*Task requirements*:
Take the lines from the one with "Le nom des groupes" through the end of the material below and repeat them exactly, dropping every picture.

*Provided data*:

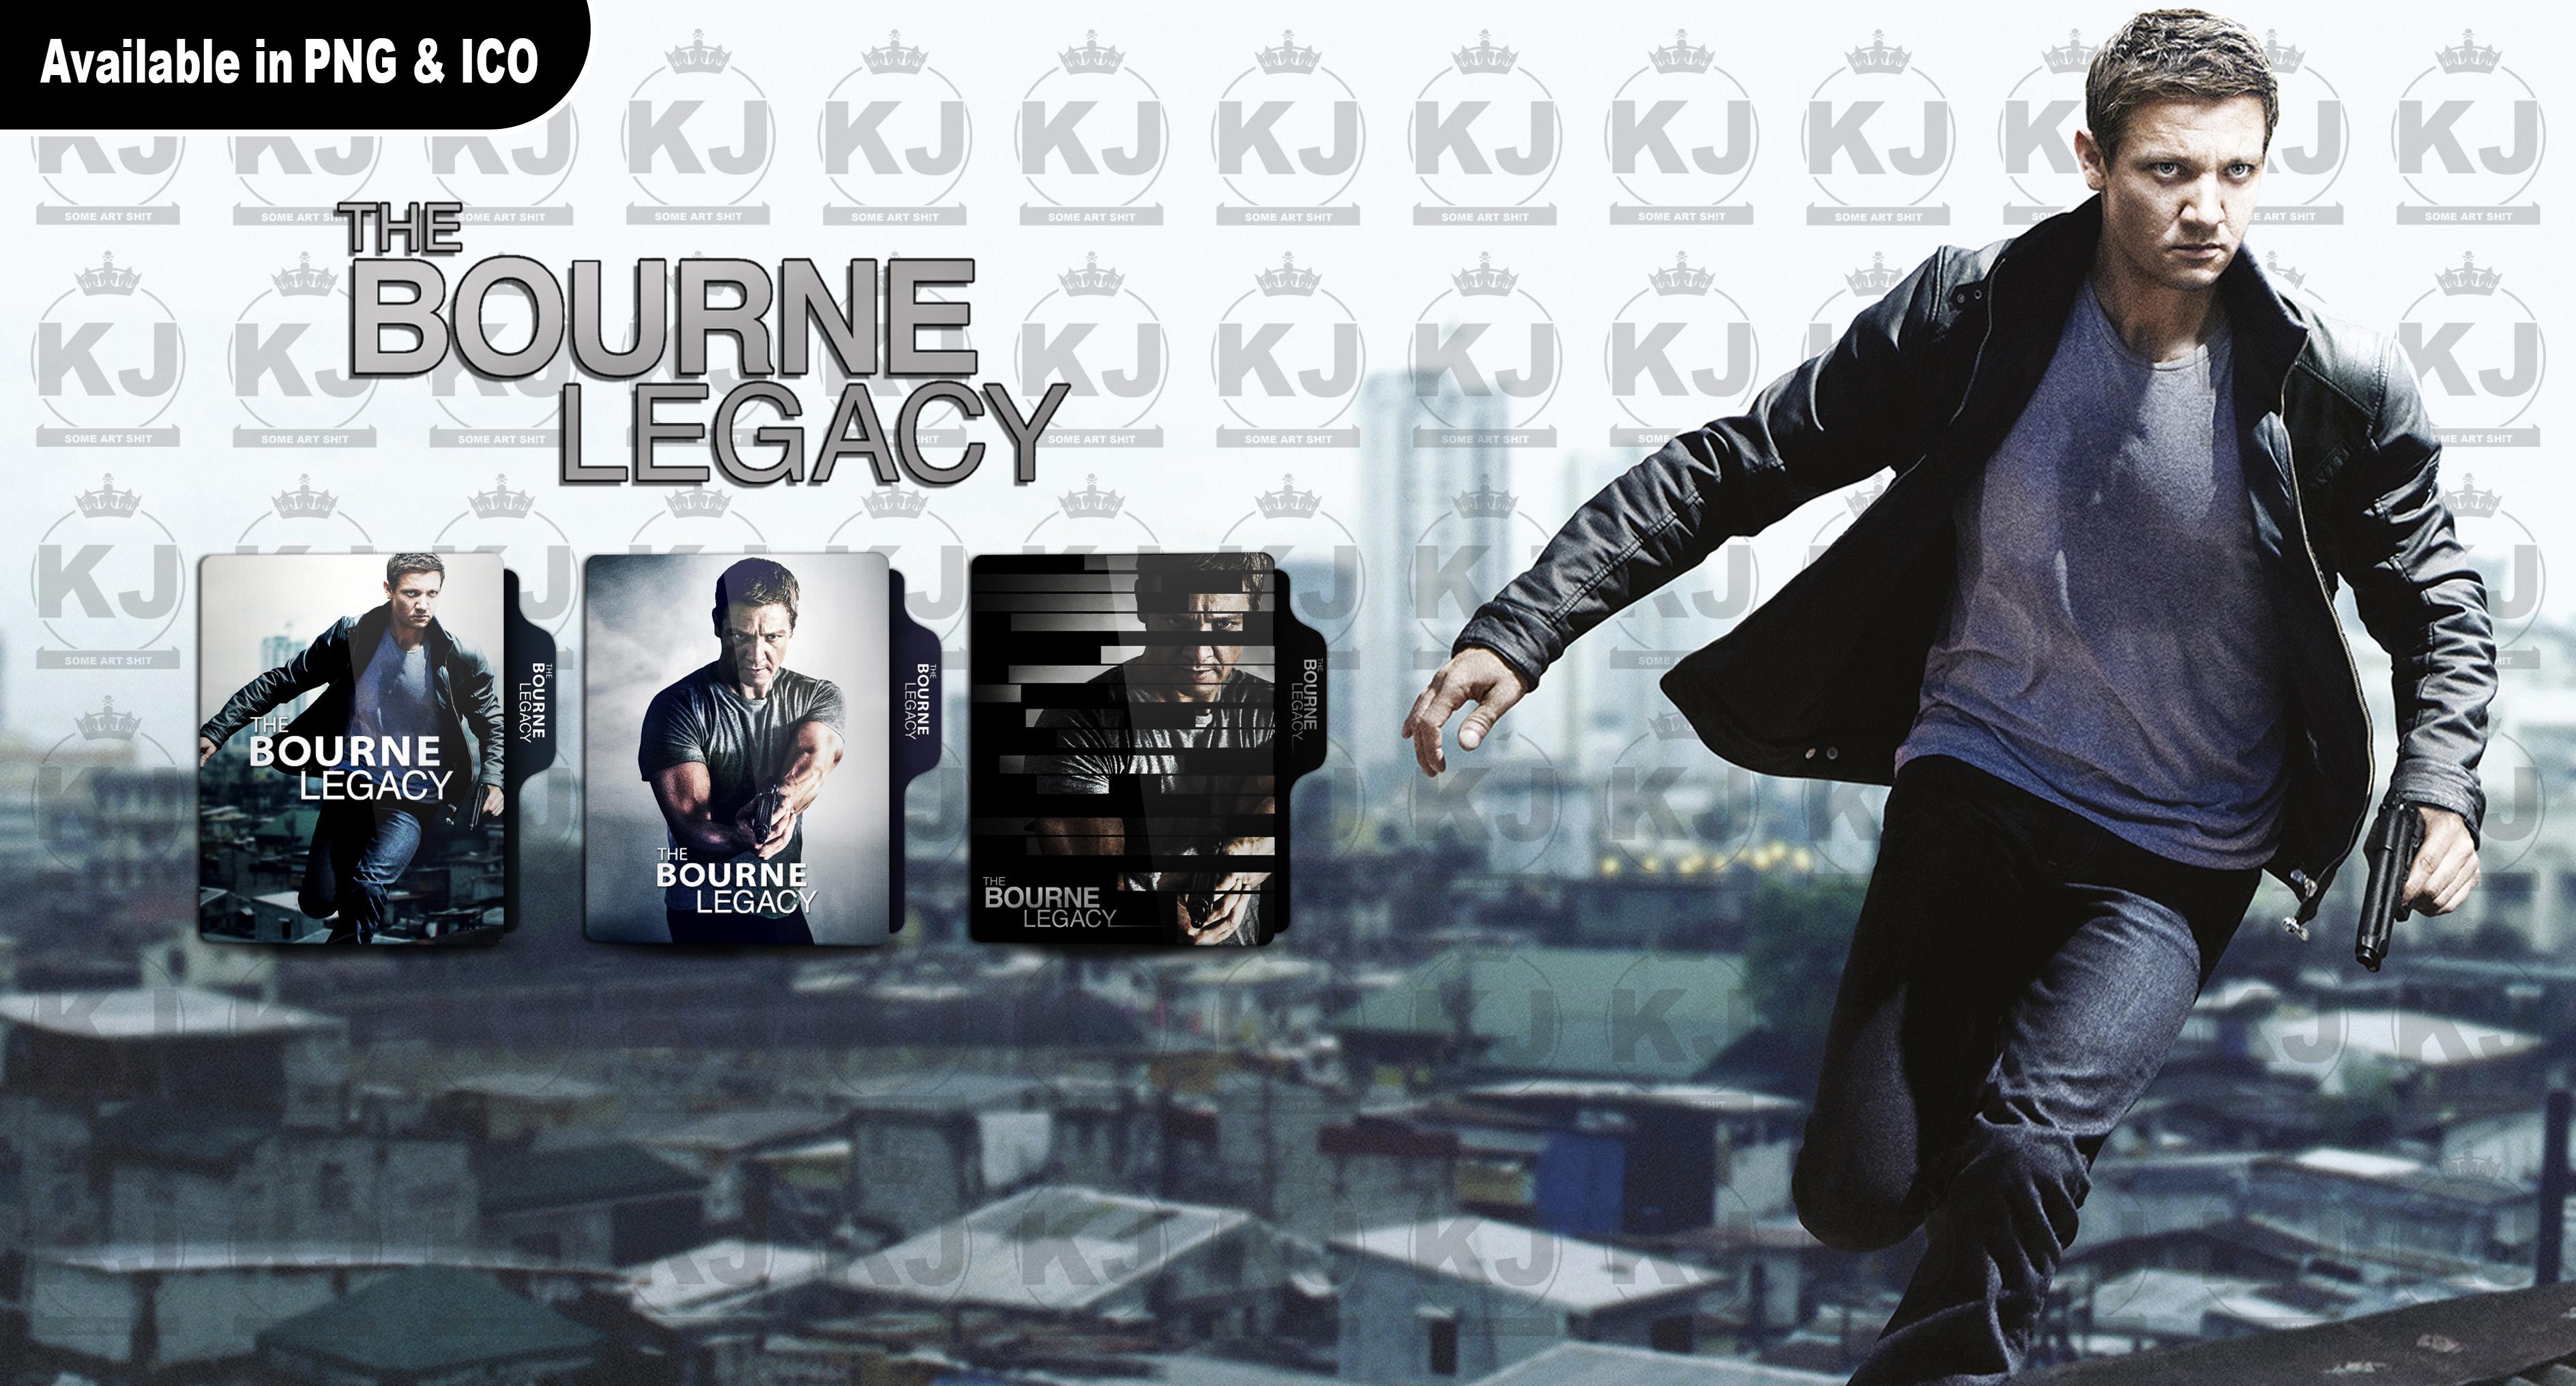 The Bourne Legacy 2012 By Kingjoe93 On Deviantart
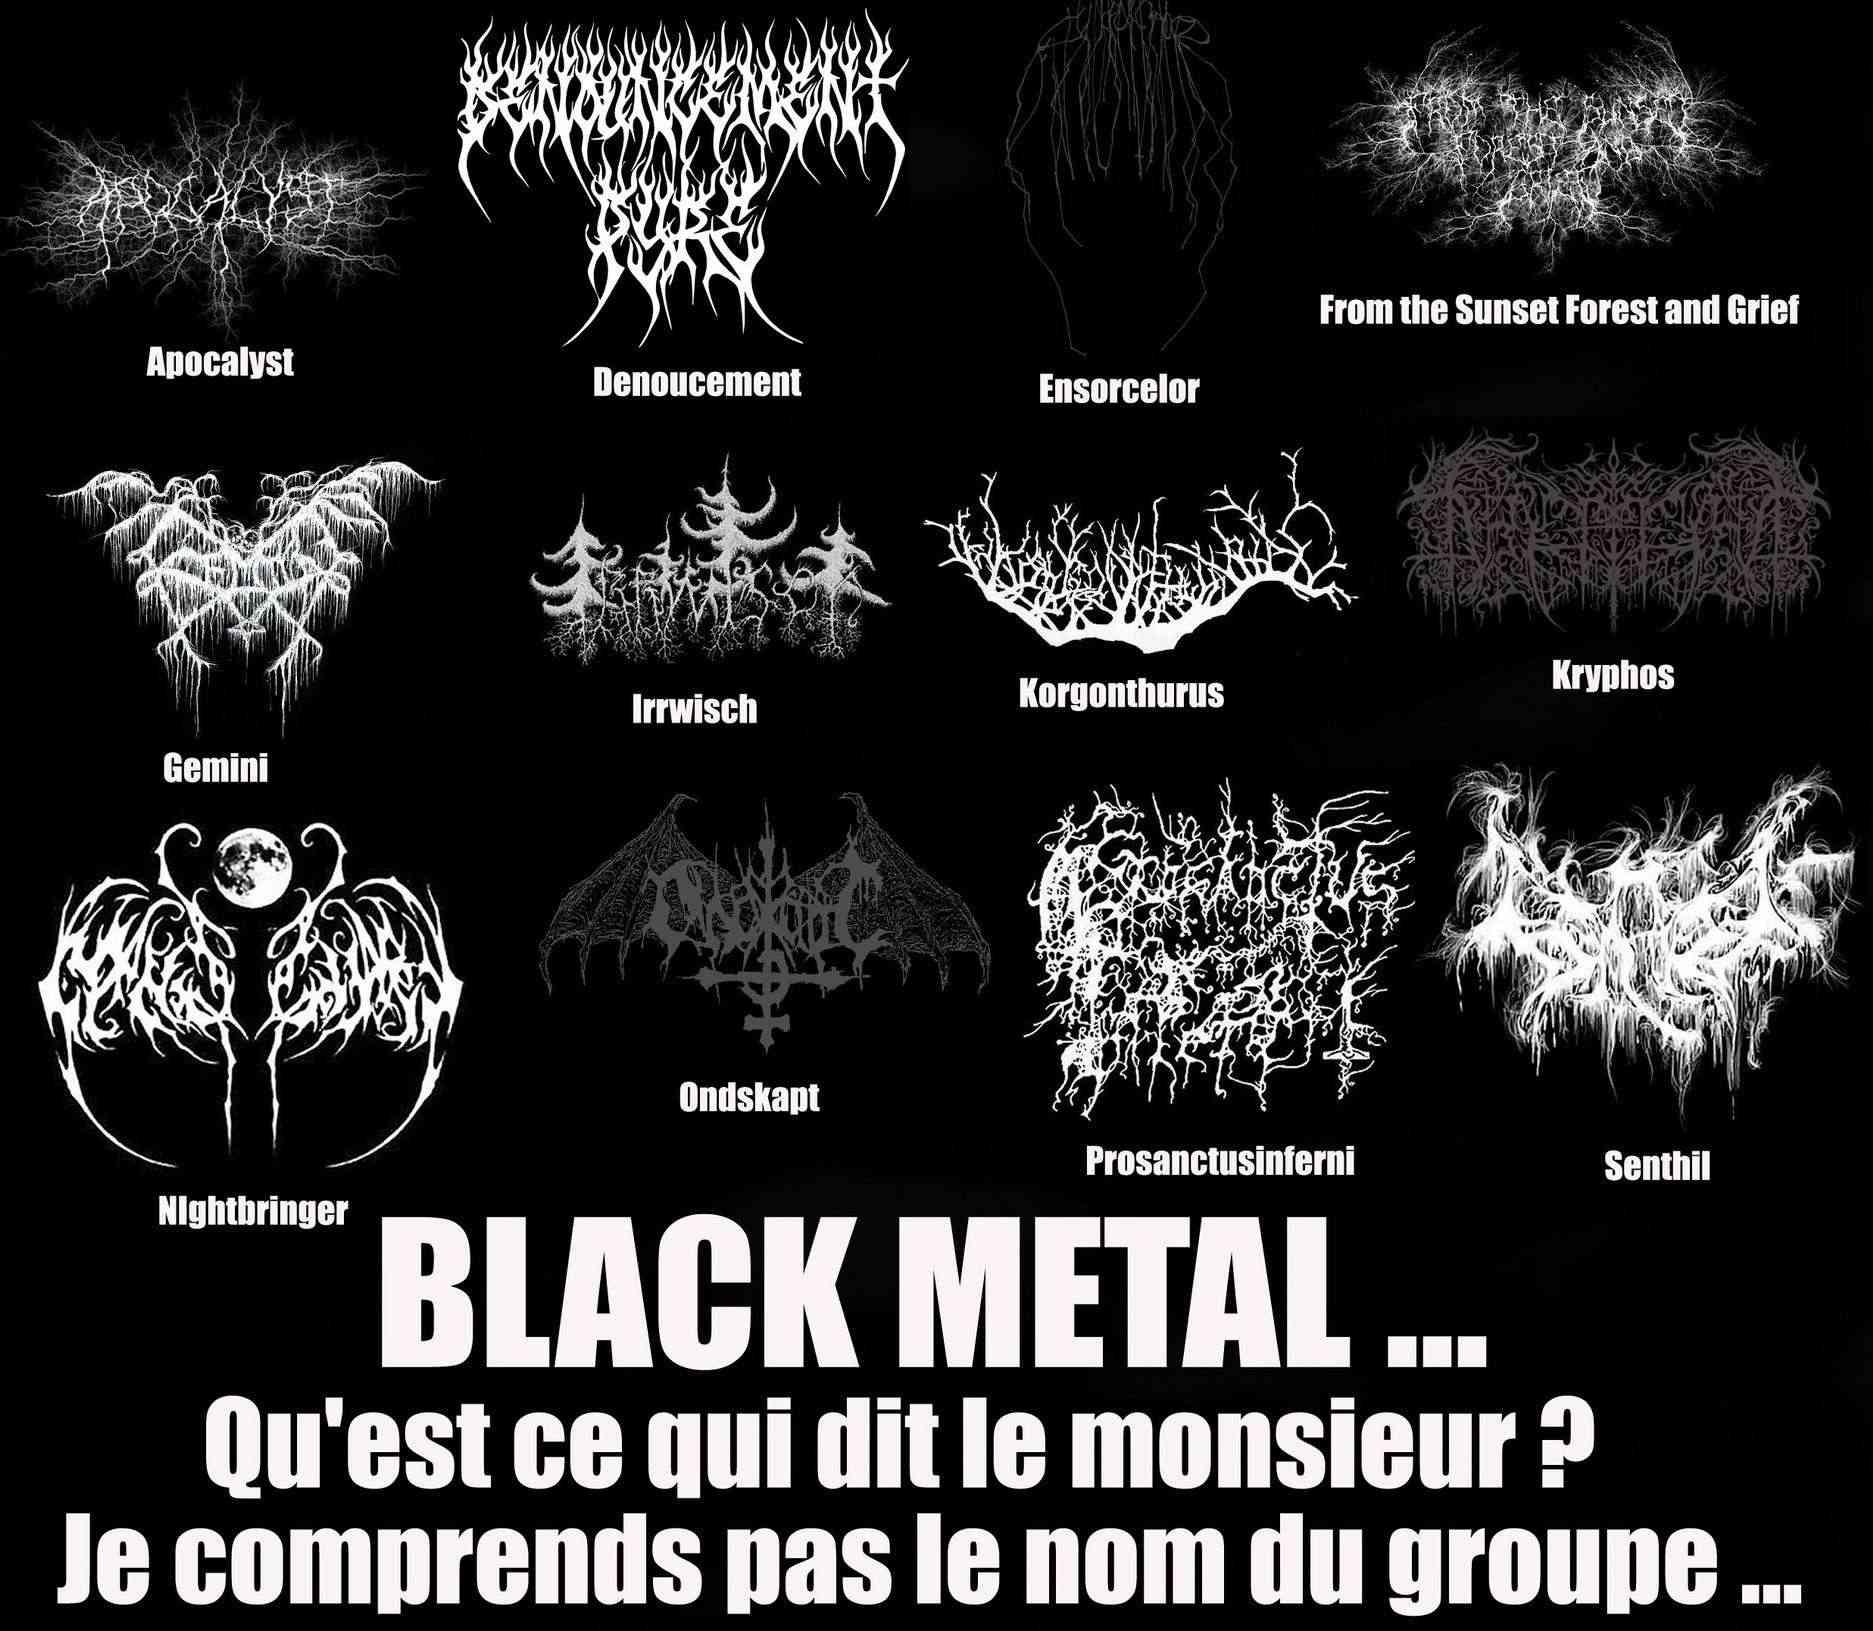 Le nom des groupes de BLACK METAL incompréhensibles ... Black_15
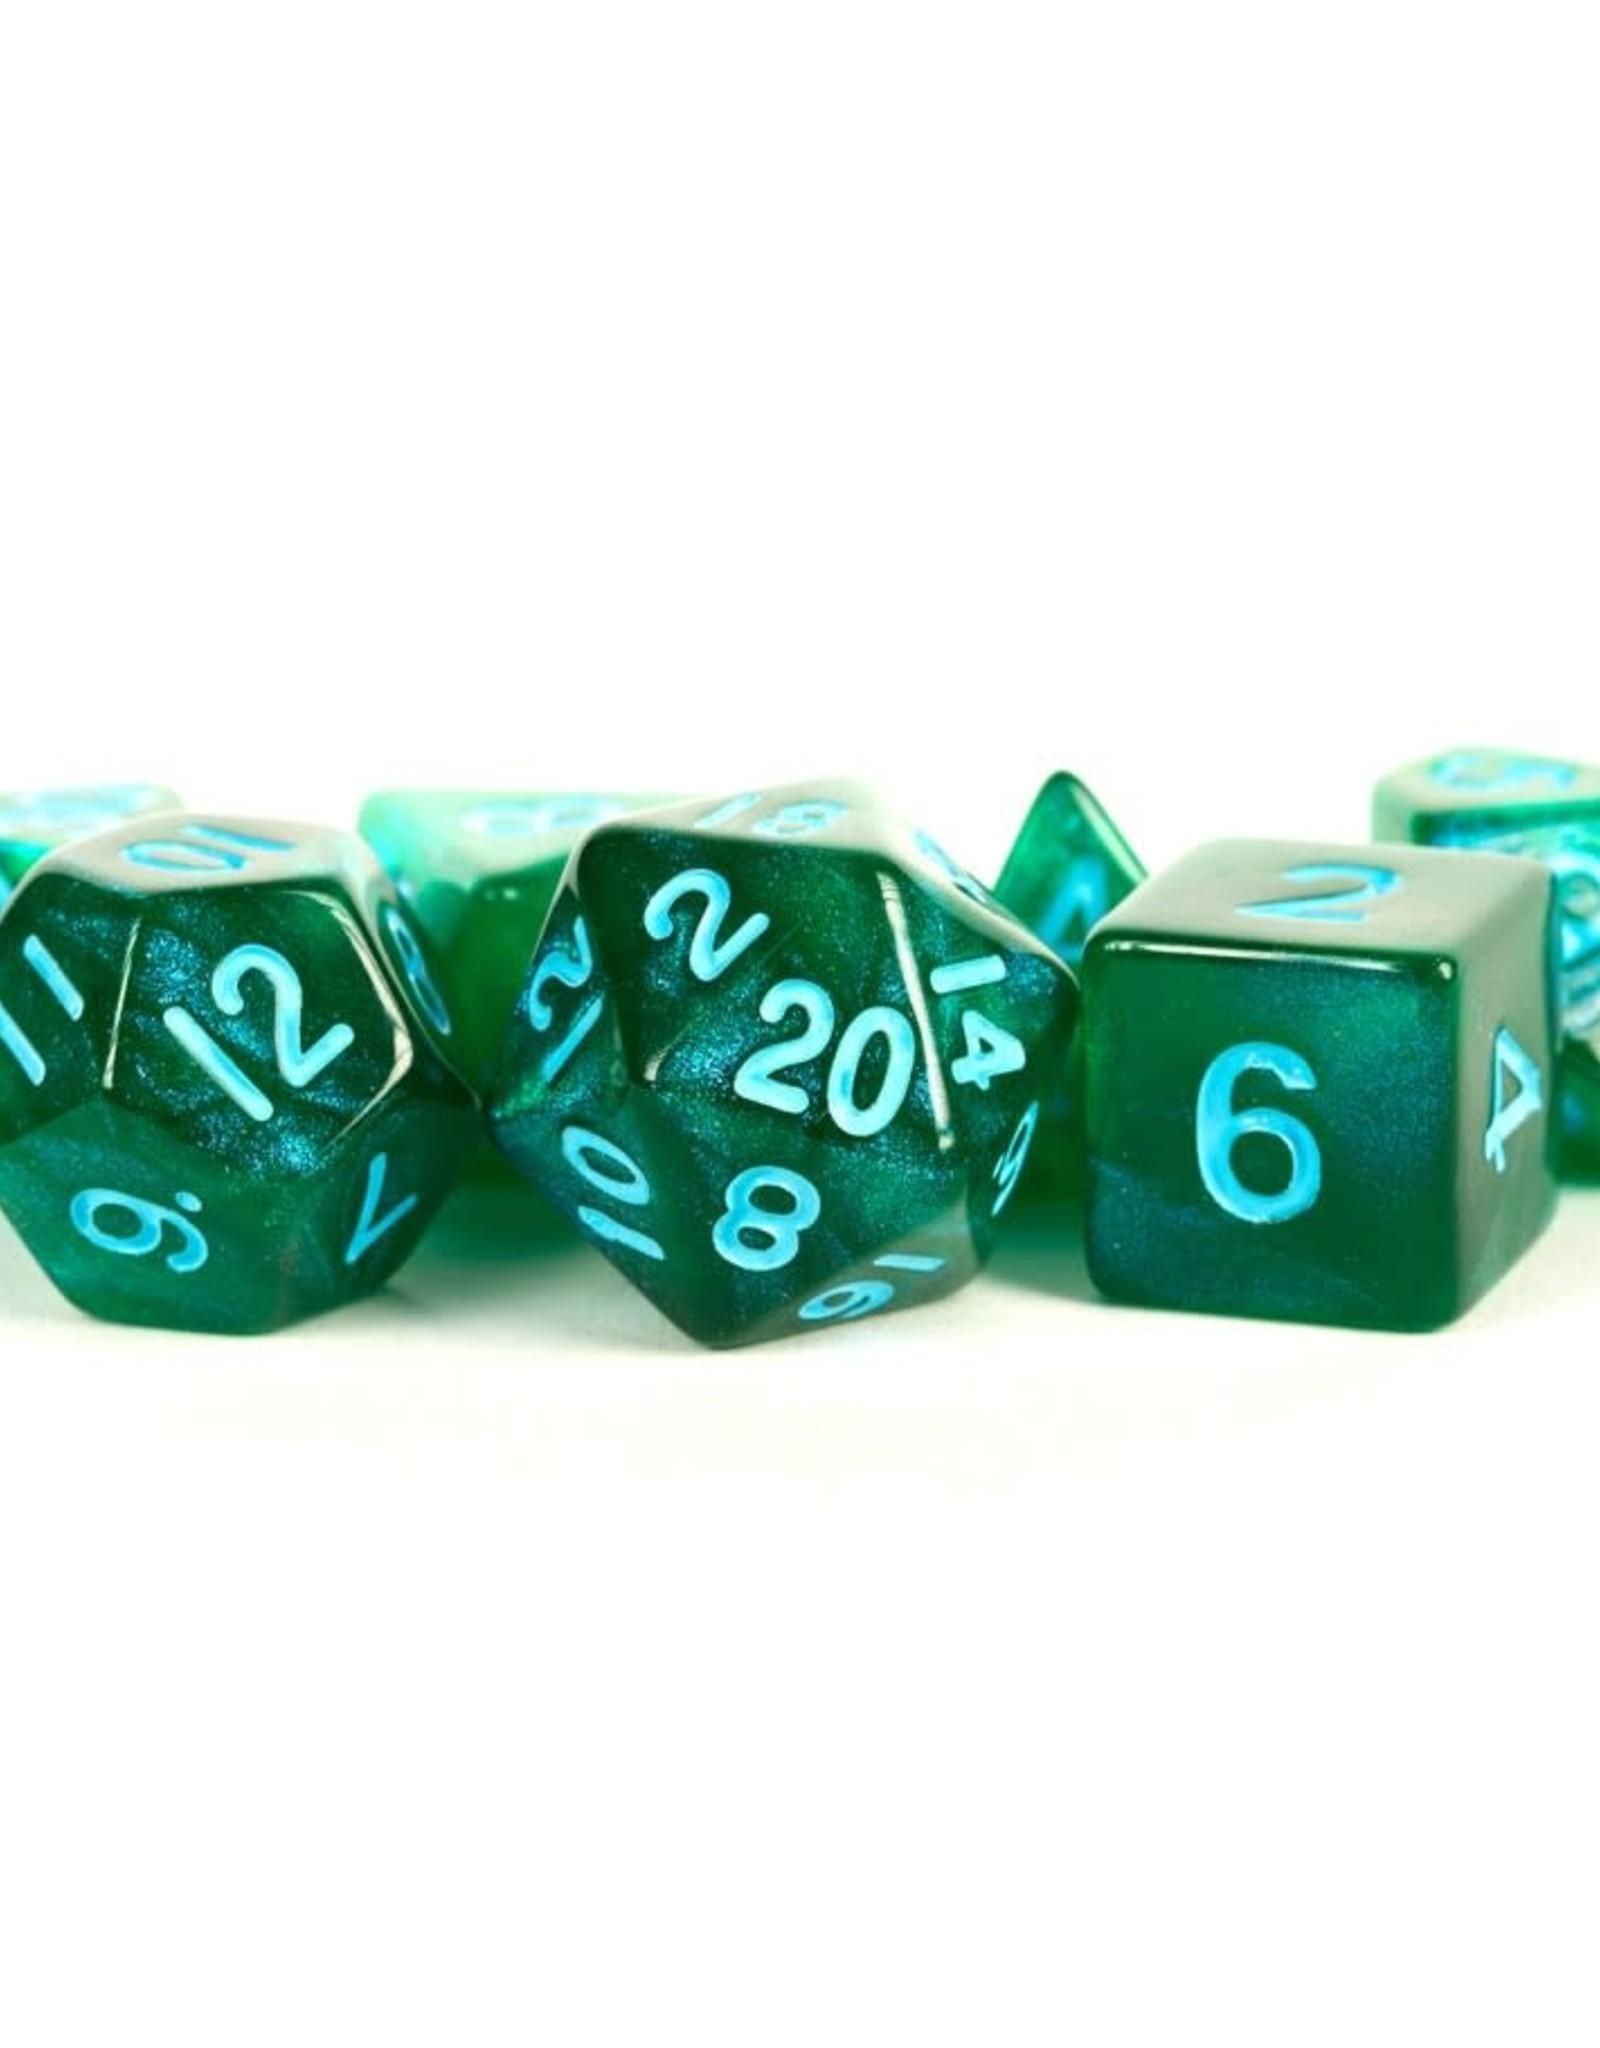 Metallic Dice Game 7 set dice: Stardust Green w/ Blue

*Task response*:
 Le nom des groupes de BLACK METAL incompréhensibles ... Black_15
 Metallic Dice Game 7 set dice: Stardust Green w/ Blue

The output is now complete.